● **Recorded data**
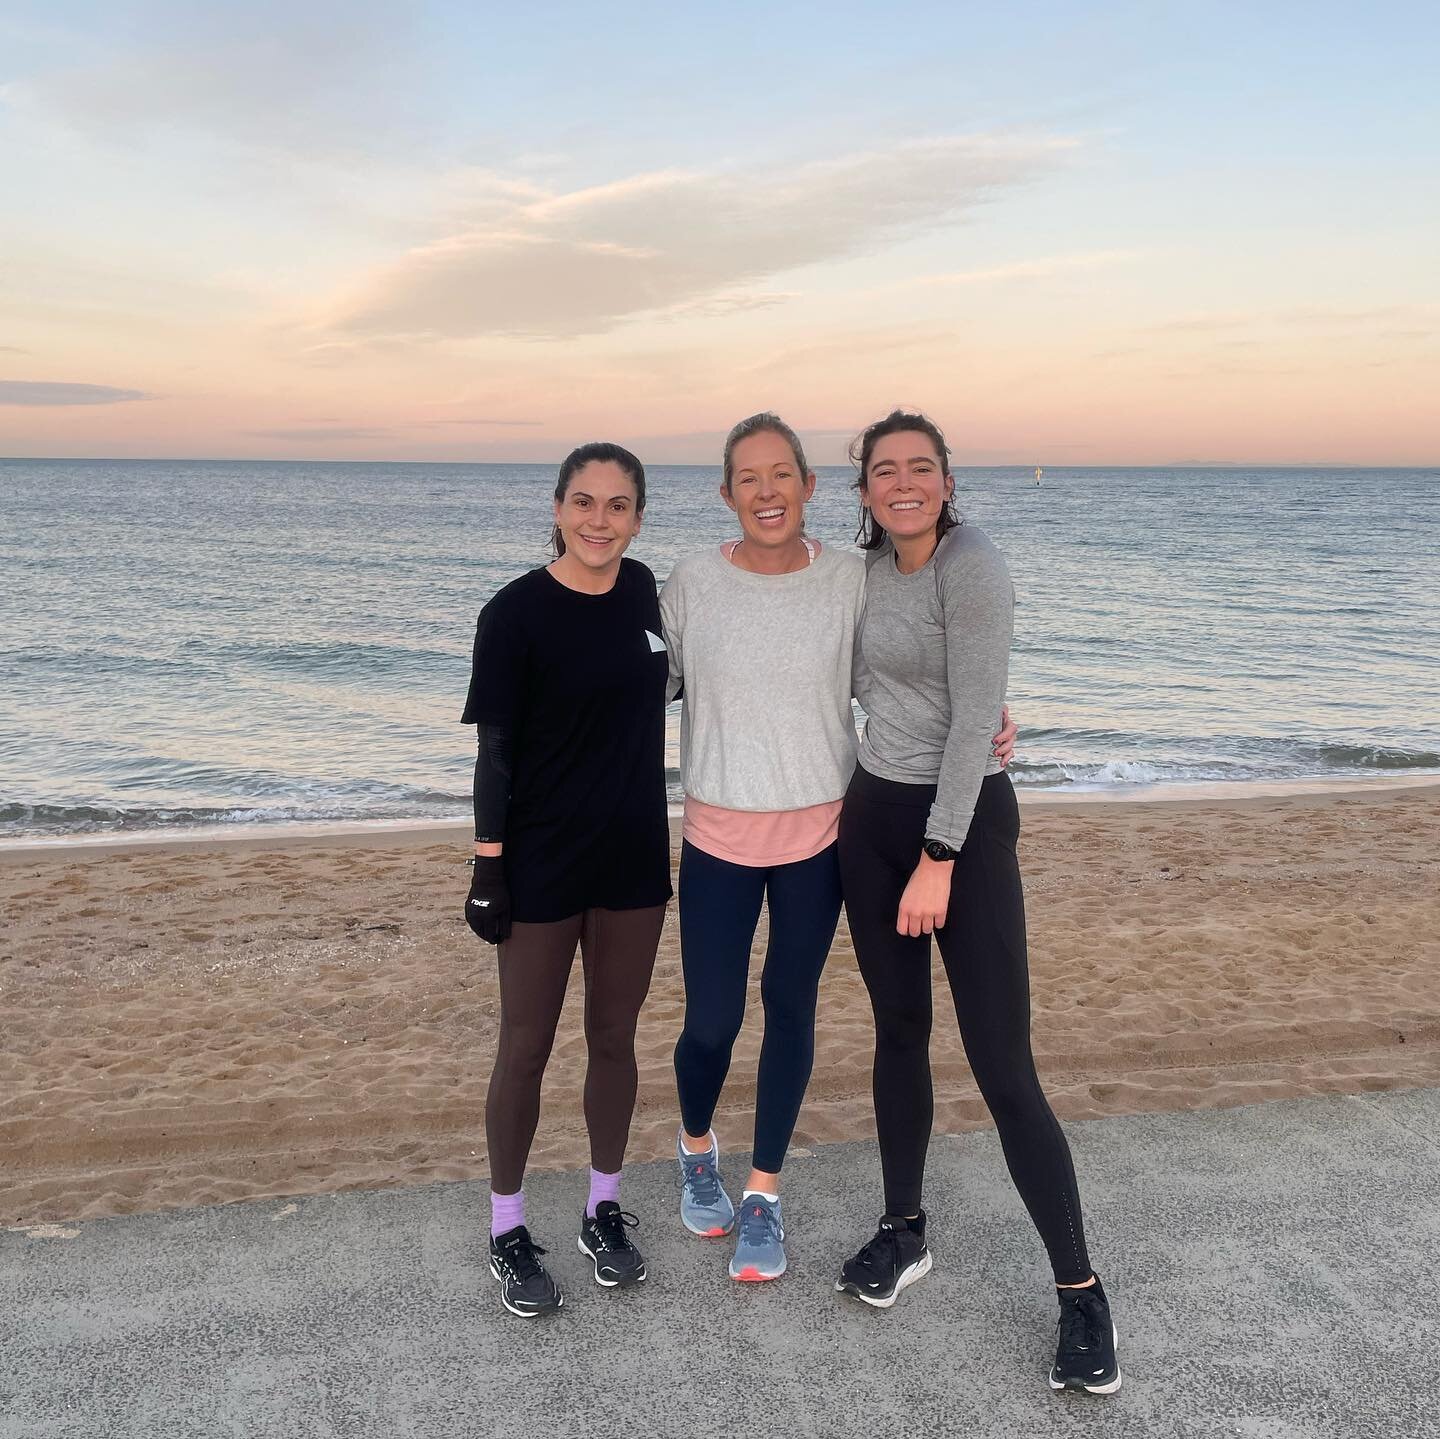 &bull; M V M T &bull; R U N &bull;
Has started! A few clients are wanting to add some running to their routine so we have created a fun MVMT run club. 

This group is about getting some great people together for a fun and social run, have an easy mee

● **Task statement**
Drop the images and repeat the data exactly.

● **Solution to the problem**
 &bull; M V M T &bull; R U N &bull;
Has started! A few clients are wanting to add some running to their routine so we have created a fun MVMT run club. 

This group is about getting some great people together for a fun and social run, have an easy mee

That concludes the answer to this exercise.